→ **HOW TO COMPLETE THIS TASK**
Write out the listing exactly, dropping any picture it contains.

→ **SOURCE MATERIAL**

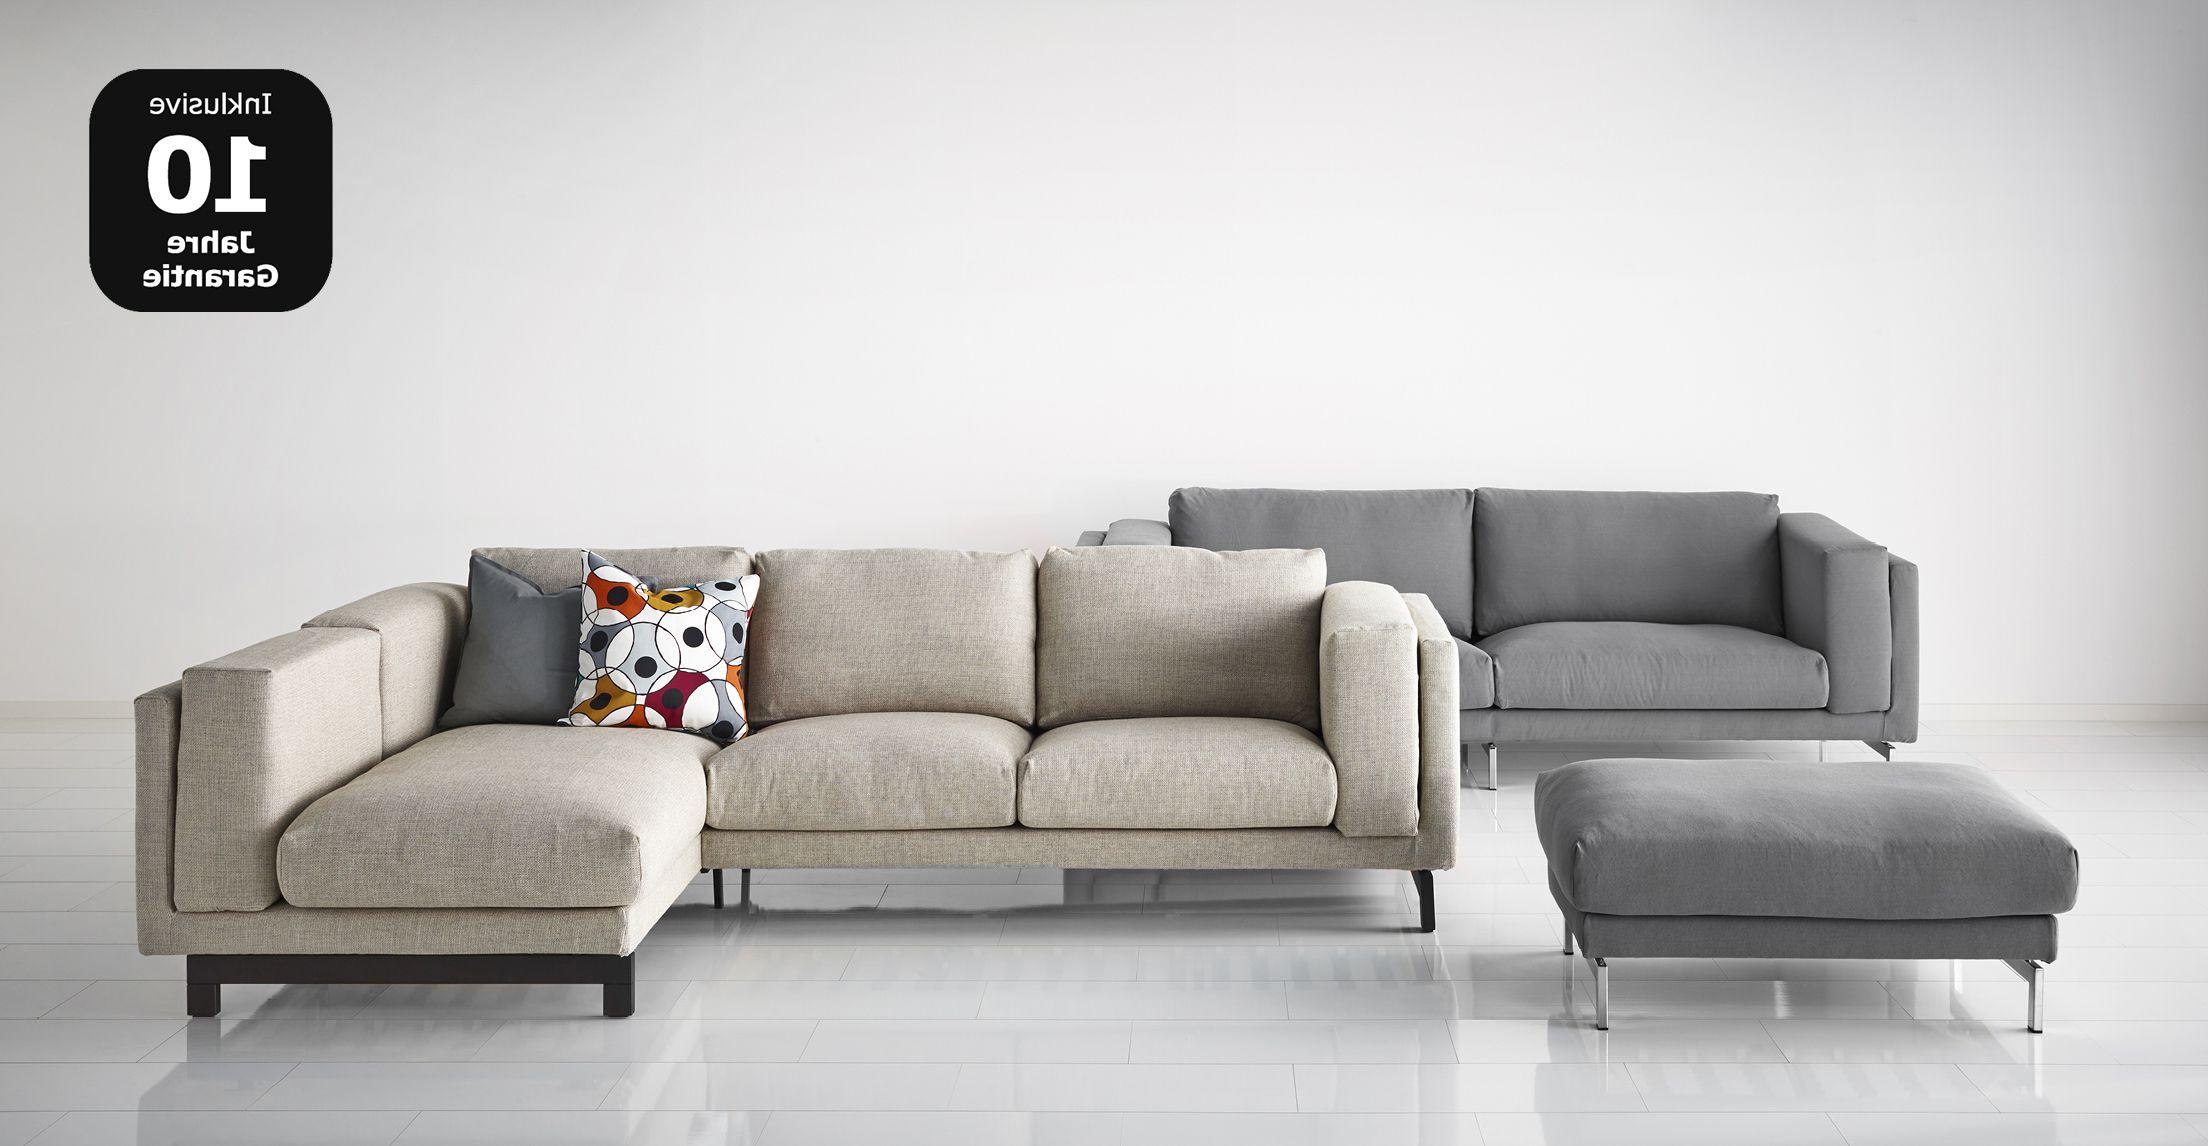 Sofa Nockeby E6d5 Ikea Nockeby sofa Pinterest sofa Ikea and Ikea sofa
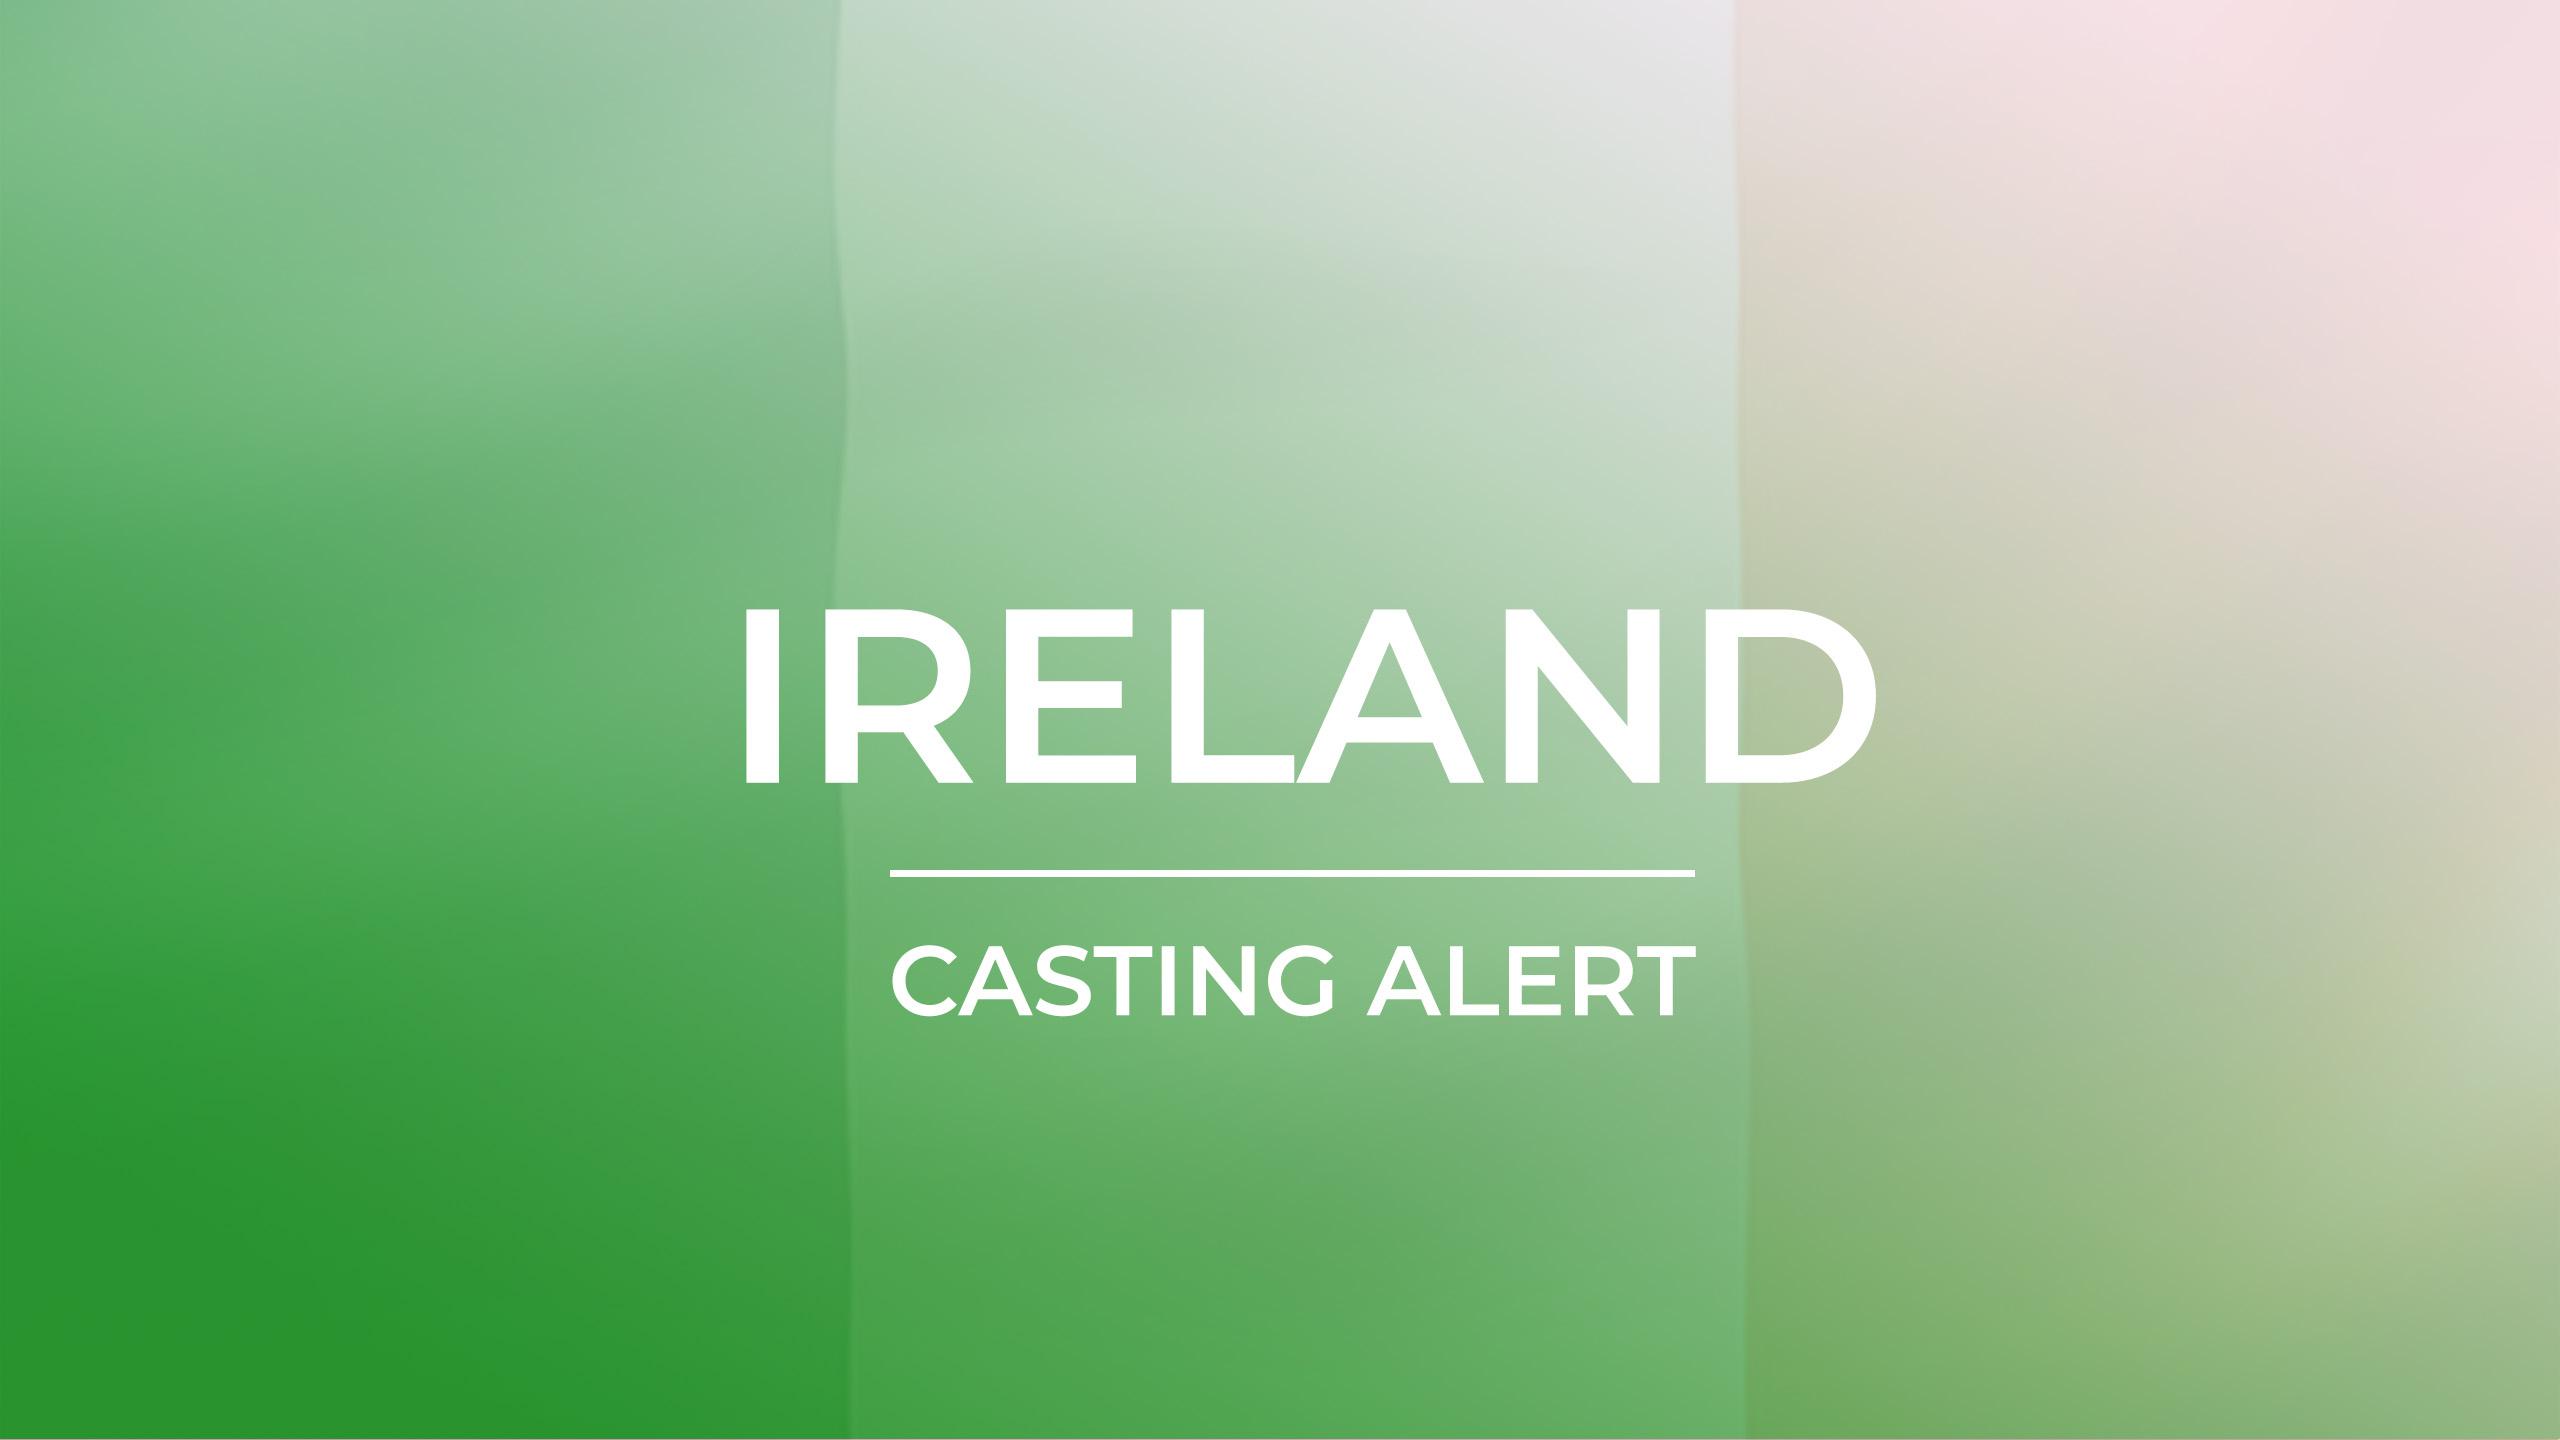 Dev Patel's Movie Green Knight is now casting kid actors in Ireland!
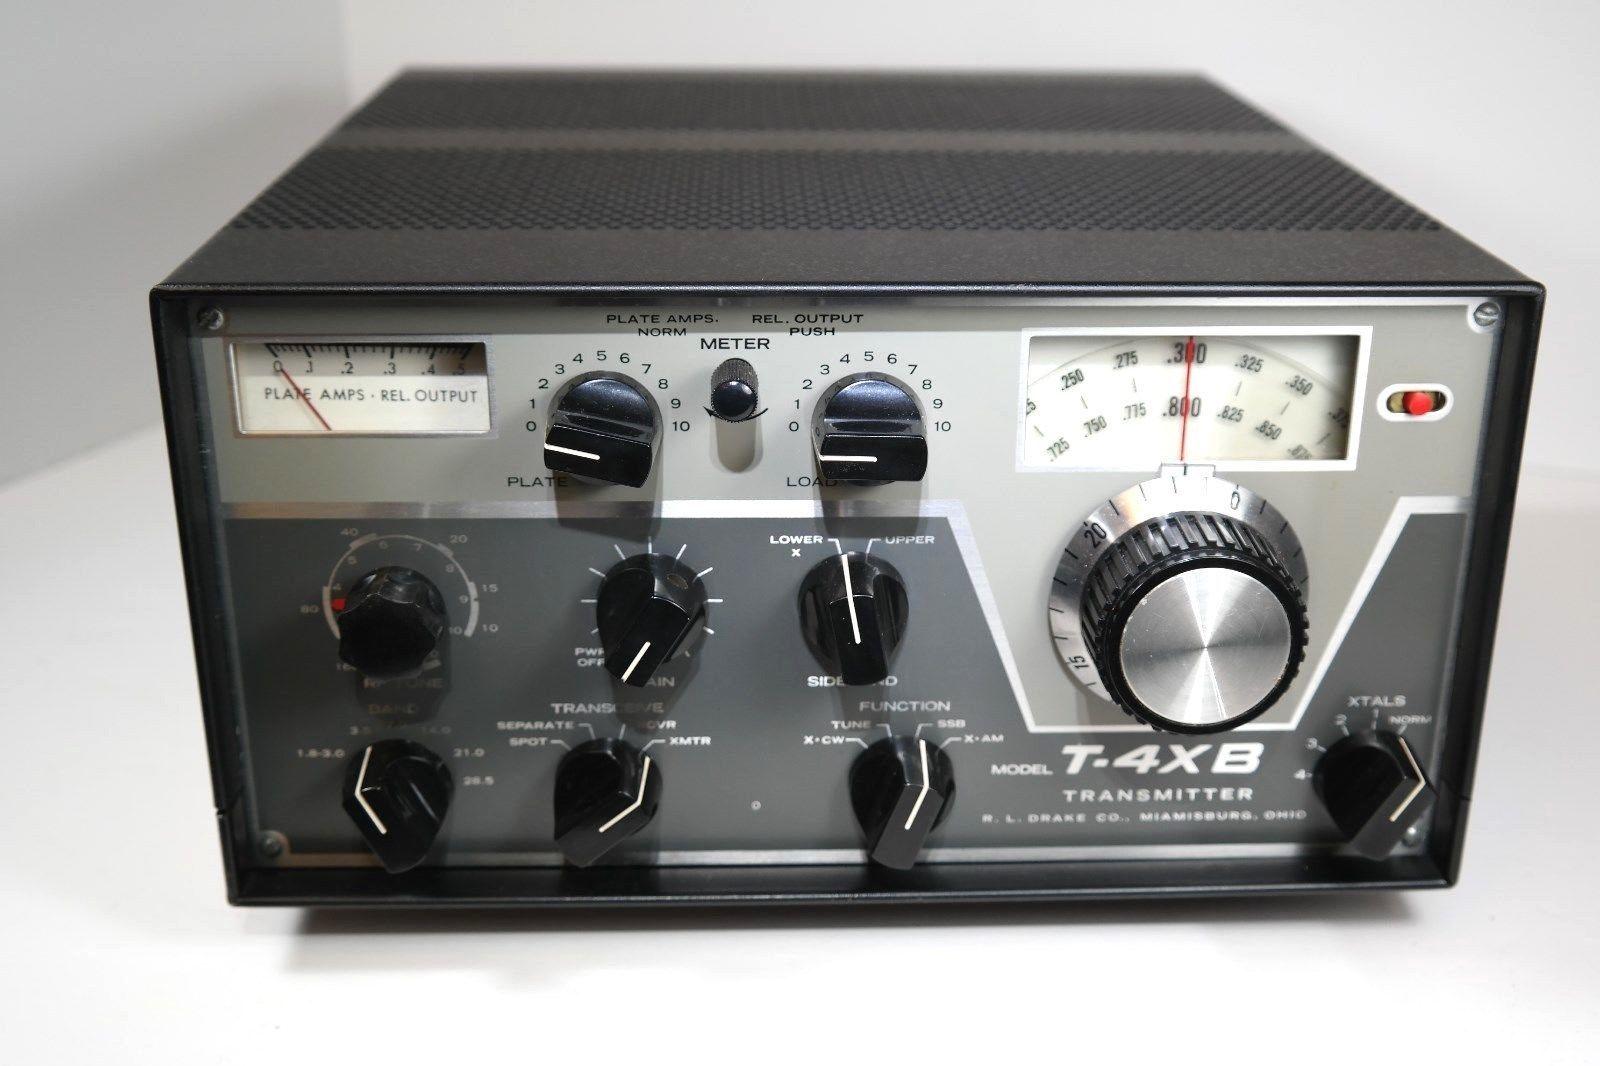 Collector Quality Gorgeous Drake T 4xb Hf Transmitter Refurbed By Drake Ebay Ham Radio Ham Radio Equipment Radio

→ **OUTPUT OF THE TASK**
 Sofa Nockeby E6d5 Ikea Nockeby sofa Pinterest sofa Ikea and Ikea sofa
 Dev Patel's Movie Green Knight is now casting kid actors in Ireland!
 Collector Quality Gorgeous Drake T 4xb Hf Transmitter Refurbed By Drake Ebay Ham Radio Ham Radio Equipment Radio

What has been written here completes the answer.